Audience: integrators wanting to wire capa to a destination beyond the on-disk bundle (InfluxDB, Postgres, S3, a live LIMS push). Scope: the engine's internal sink contract, why it is not yet a plugin surface, and the patterns available today.


Status: roadmap + contract reference

Sinks are engine-internal today. They are not discoverable through an entry-point group; there is no capa.sinks plugin kind, no plugins.lock entry, no capa plugins list line. The shipped sinks — ChannelSamplesSink, DeviceRecordsSink, FramesSink, EventsSink, StatusSink, and LogSink — live inside src/capa/storage/ and are owned by the WriterThread / RunBundleWriter path.

This page exists to:

  1. Document the contract the writer thread expects, so external code (a post-run uploader, a downstream pipeline) can mimic it.
  2. Capture the runtime constraints (backpressure, batching, schema drift) that any future pluggable sink will inherit.
  3. Be honest about the gap: this is not yet a plugin tutorial.

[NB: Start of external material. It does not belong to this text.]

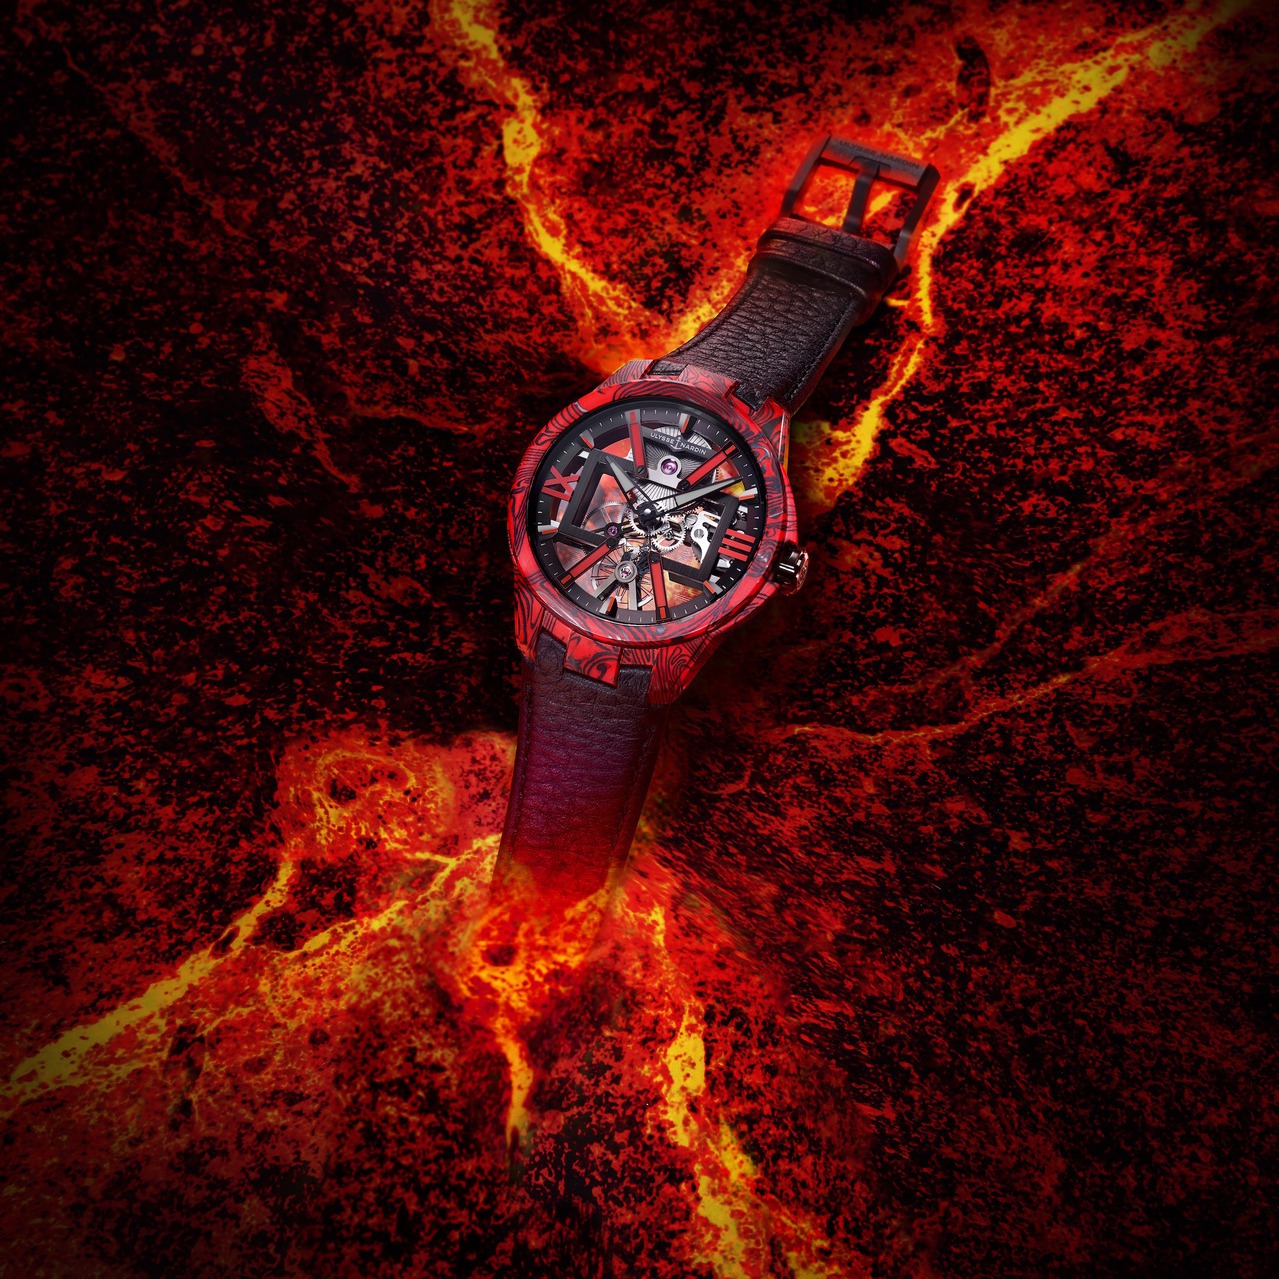 色即是空 鏤空腕錶示現赤焰與科幻之美

If you have a concrete use case for an additional live destination, treat this page as design notes — and consider whether a post-run pipeline (read the bundle from disk, push to your destination) is sufficient. For most "send the data to system X" needs, the answer is yes. The bundle is well-shaped for downstream consumption — see Reading bundles.


The shipped sinks

Sink Source Owns
ChannelSamplesSink src/capa/storage/channel_samples_sink.py Long-format scalars.parquet
DeviceRecordsSink src/capa/storage/device_records_sink.py Per-family device_records/<family>.parquet
FramesSink src/capa/storage/video_sink.py video/<name>.frames.parquet; camera adapters own the .mkv / .csq containers
EventsSink src/capa/storage/events_sink.py events.sqlite

These are deliberately specialized. The contract documented below is what they have in common — not a formal Protocol that all four implement, but a pattern.

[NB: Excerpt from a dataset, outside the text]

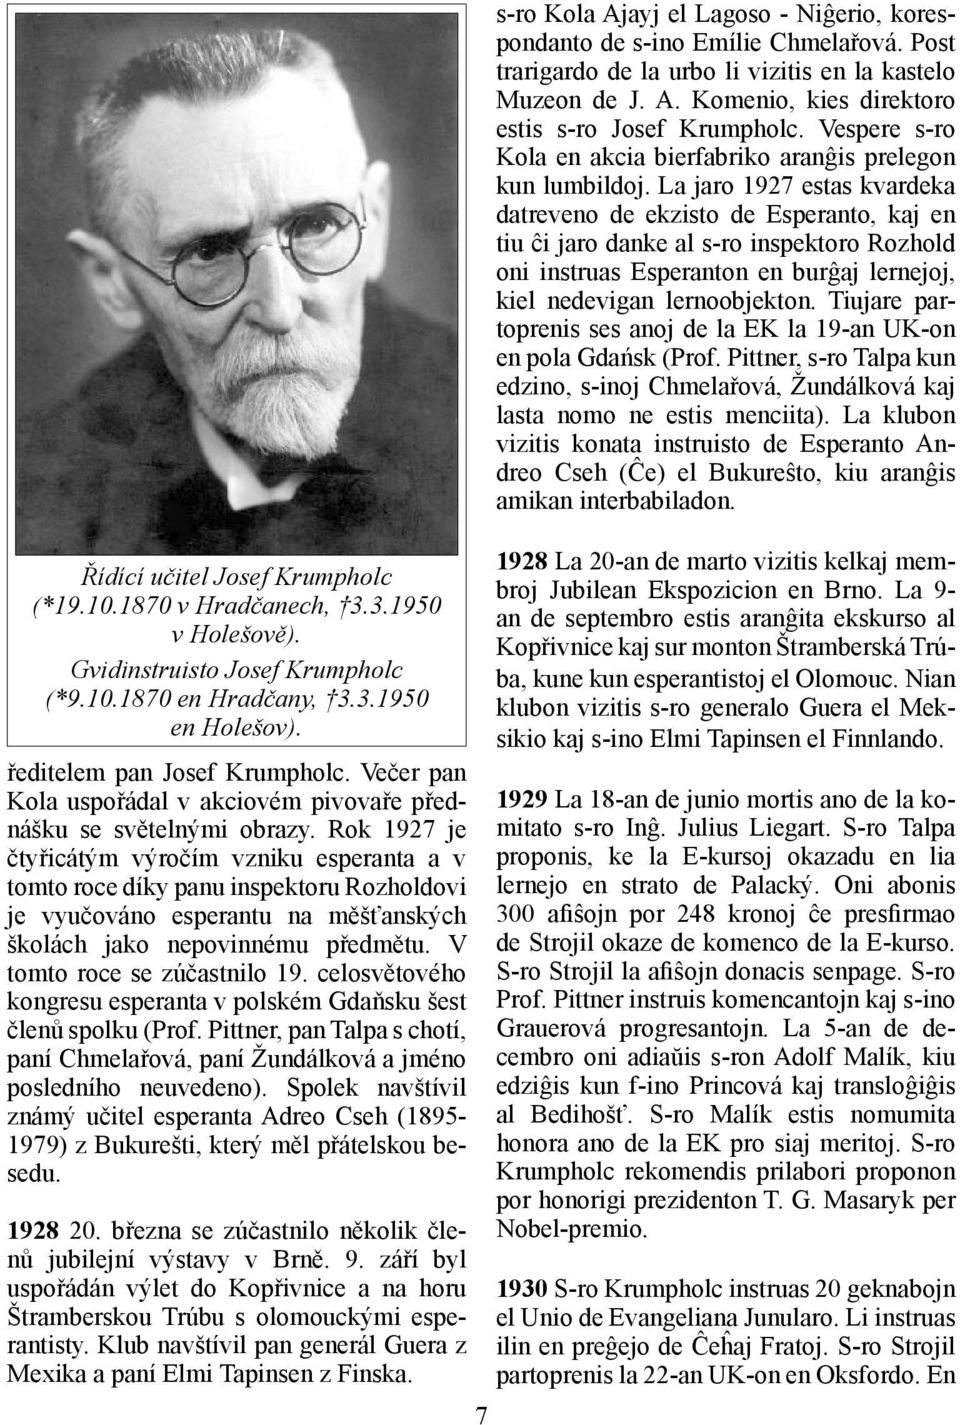 Rok 1927 je čtyřicátým výročím vzniku esperanta a v tomto roce díky panu inspektoru Rozholdovi je vyučováno esperantu na měšťanských školách jako nepovinnému předmětu. V tomto roce se zúčastnilo 19.

The internal sink contract (descriptive)

A sink, in the current engine, is an object the WriterThread calls into when it has data to land. The pattern:

WorkerEmission (worker thread)
      │ ThreadBridge (bounded, BLOCK policy)
Conductor._drain_worker (conductor thread)
      │ dispatch by emission type
WriterThread.<method>(emission)         e.g. write_event, record_frame
      │ owns file/Arrow handles
Sink.append(...)                        appends to in-flight buffer
      │ at INFLIGHT_FLUSH_ROWS or on close
Sink.flush()                            atomic batch to disk

The methods on a sink that the writer thread relies on:

  • An append-style method (append_sample, append_record, record_frame) that takes a typed emission and adds it to an in-flight buffer.
  • A flush method, called automatically when the buffer reaches INFLIGHT_FLUSH_ROWS rows or when the run ends.
  • A close / finalize method that converts the in-flight format to the bundle's final on-disk format and releases handles.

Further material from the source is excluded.